Second guessing my brooding pen / integration plans

I'd almost forgotten until aart mentioned adding extra straw around the heating pad on really cold nights - I throw a folded wool blanket over the heating pad when it was to get down below freezing. That tends to focus more heat downward to where the chicks are.

As for 24/7 light, one of the biggest benefits of the heating pad is the absence of light. Again, the broody hen analogy - she has no running lights that go on at night so the chicks can pig out all night on food. They don't need to eat at night. They quickly establish a day/night rhythm and they fall into a pattern of eating all they require during the daylight hours and they sleep all night. This is nature's way.
Agrees.
 


I agree with the idea. I still want to know more about his reasoning, though. We can't follow that logic forever without letting our chickens roost in trees and dispense with coops.

I know that's not being suggested; just saying that we make some decisions for a reason, and now more than ever I want to know why he thinks they should have light for the first 72 hours.
 
I have 3 three week old chicks I tried to put under a seriously broody Silkie which she immediately rejected.
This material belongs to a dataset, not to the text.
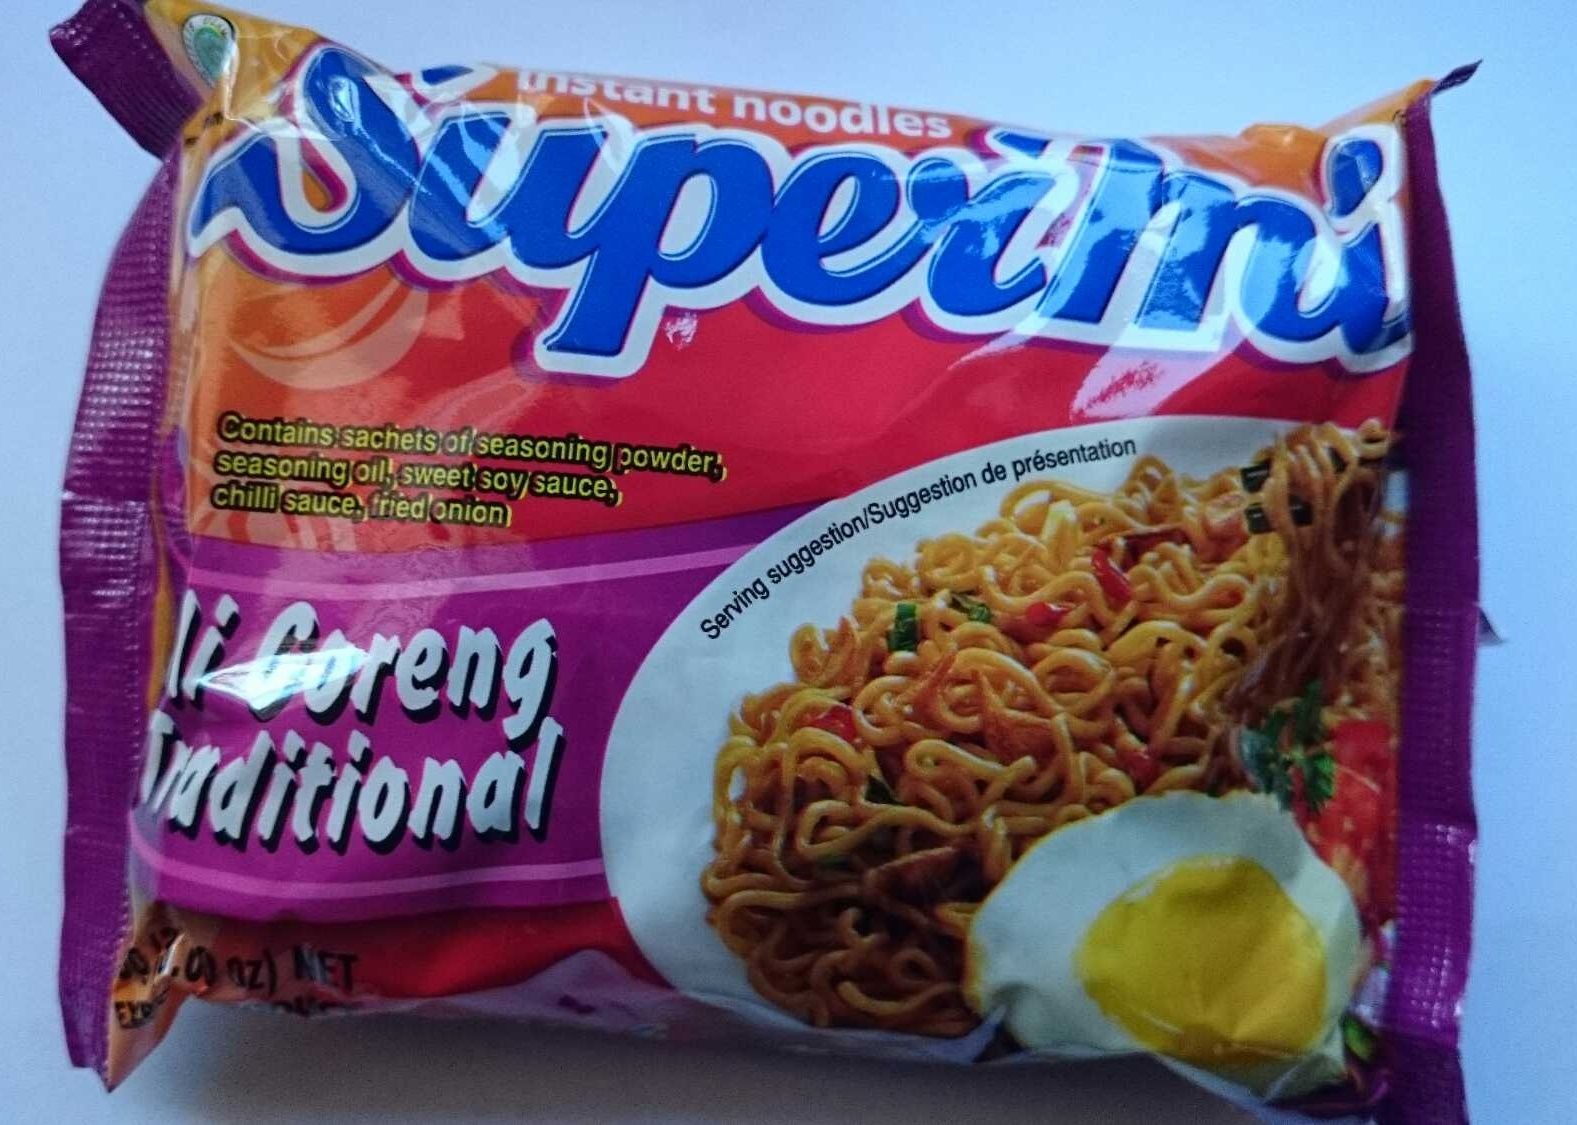 Supermi Mi goreng Traditional Instant Noodles - Product - en

They were only 3 days old at the time. So I put them in the brooder and just now brought them out to raise them in the coop. They go into my broody busting wire cage at night with heat lamp . in day they roam the run while the bigs are free ranging. Today my big girls would not shut up about being separated from their nesting boxes so i let them all into the run. No one made a bother about the chicks except the Silkie. She pecked at them. Its nice to know that may be normal. I'm wondering if at 4 weeks I should try integration?


If I understand what you're saying, sounds like you're about there already!
 
I agree with the idea. I still want to know more about his reasoning, though. We can't follow that logic forever without letting our chickens roost in trees and dispense with coops.

This is the person who said "There was little information on free-range poultry back then, and most of it was wrong."

The whole world was free-range chicken. How the f can you not get data.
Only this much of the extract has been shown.